NBA man is an economic animal


NEW YORK

Kevin Garnett, 35, the Boston Celtics forward who has had a stellar career, was with the Minnesota Timberwolves in 2004 when a teammate, Latrell Sprewell, augmented the national stock of unfortunate pronouncements. Dissatisfied with a three-year $21 million contract extension offer, Sprewell said: “I’ve got my family to feed.”

Remembering the ridicule Sprewell received, Garnett must know the players’ public relations problems as their union, with his emphatic support, tussles with team owners over, among other things, the players’ share of the National Basketball Association’s almost $4.5 billion (last season) in revenues. With 25 million Americans unemployed, underemployed or too discouraged to seek employment, why should anyone care that fewer than 450 jobs are jeopardized by a labor dispute? The jobs are those of America’s highest paid professional athletes. NBA players’ average salary is $5.1 million and even those receiving the NBA minimum ($474,000) are in the highest tax bracket.

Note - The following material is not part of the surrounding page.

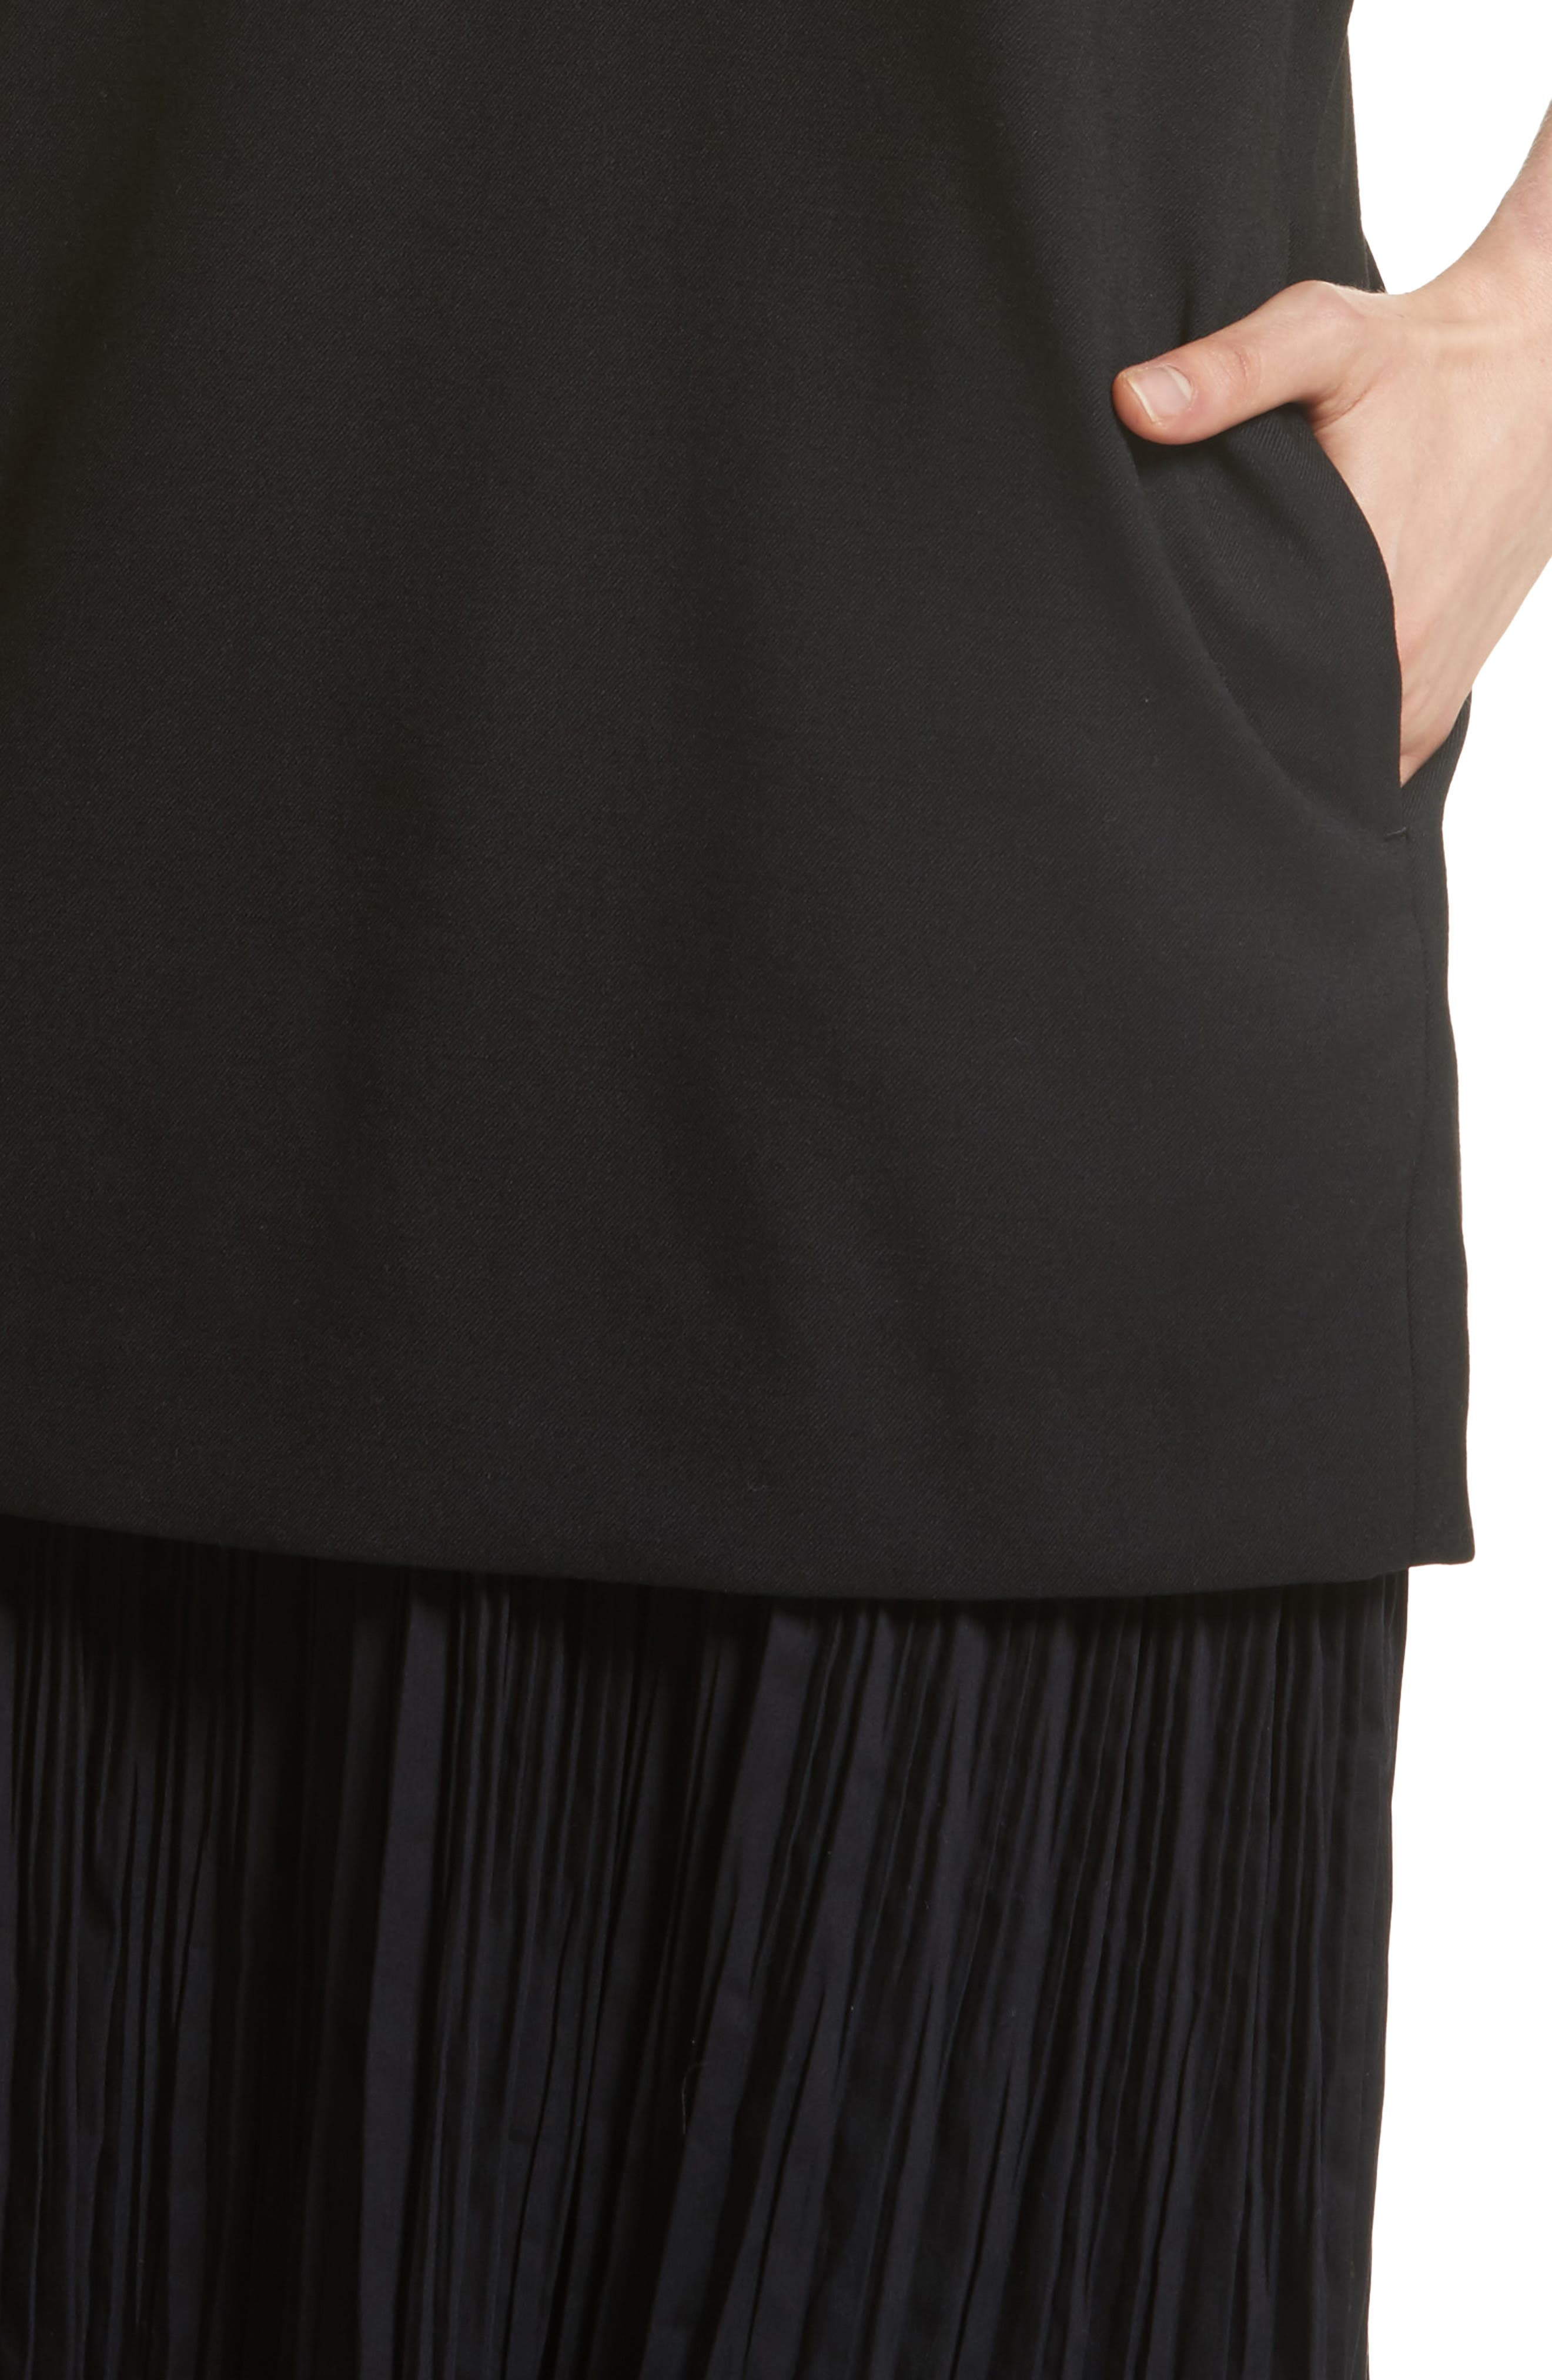 K Bottom Pleated Dress,                             Alternate thumbnail 6, color,                             Black

The NBA’s dispute, which has already caused cancellation of the preseason and the first two weeks of the regular season, at a cost of perhaps $500 million, illustrates an agreeable truth: Man is an economic animal, rationally maximizing income, except when he isn’t. Many of the players are prepared to lose substantial income by prolonging negotiations over a new collective bargaining agreement. They are doing so to win concessions that will primarily benefit players much younger than Garnett. Fans accuse the players of avarice, but the longer the impasse persists, and the larger the losses, the more altruism will explain this.

Book of Job

From his office overlooking St. Patrick Cathedral, David Stern, NBA commissioner since 1984, can brood upon the Book of Job: Man is born unto trouble, as the sparks fly upward. Stern says 22 of 30 teams lost money last year, and their cumulative $450 million losses exceeded the profits of the other eight.

The owners want players to receive much less than their current 57 percent of “basketball-related income.” The owners originally said 47 percent; the players grudgingly said maybe 53 percent. A 50-50 split has been suggested, but the players say 53 is low enough. Every percentage point means $40 million spread over the rosters of 30 teams. Not much.

There are other issues, including the severity of a “luxury tax” on the highest payrolls to restrain high spending on free agent players. But Garnett has seen this before. He went directly from high school to the NBA. In 1997, the Timberwolves gave him a six-year $126 million contract, which gave the rest of the owners heartburn. They caused the league’s first work stoppage and forced a new collective bargaining agreement. Under its salary cap, the best six-year deal Garnett could have received would have been about $70 million.

Labor-management disputes test the two sides’ animal spirits and pain thresholds. The former favor the players, who — owners frequently forget this — have climbed to the narrow peak of their profession’s pyramid because they are ferocious competitors who loathe losing at anything. Owners, however, have higher pain thresholds because they have longer time horizons: They do not have short careers; they do have deep pockets.

Competing imperatives

Sports leagues must accommodate two competing imperatives. The leagues must encourage the entrepreneurial pursuit of excellence, meaning superiority, by each individual franchise. But the leagues are selling entertainment, which requires competitive balance. A perennial problem is that teams’ cities vary as sports markets, so teams’ resources do, too.

The NFL, which gets so much of its revenue from national television contracts, distributes this to its teams in equal portions, so a team in a small city in northern Wisconsin can compete with New York teams. But the small-market San Antonio Spurs have won four NBA championships in nine years.

In Major League Baseball, whose economic model of largely local revenues developed before the invention of broadcasting (or the internal combustion engine), huge disparities of local broadcast revenues tilt the playing field against small-market teams. These disparities have been mitigated by revenue sharing. In baseball and basketball, negotiations usually involve three, not two, sides — the players, the richest teams’ owners, and the other owners. All their futures are bright.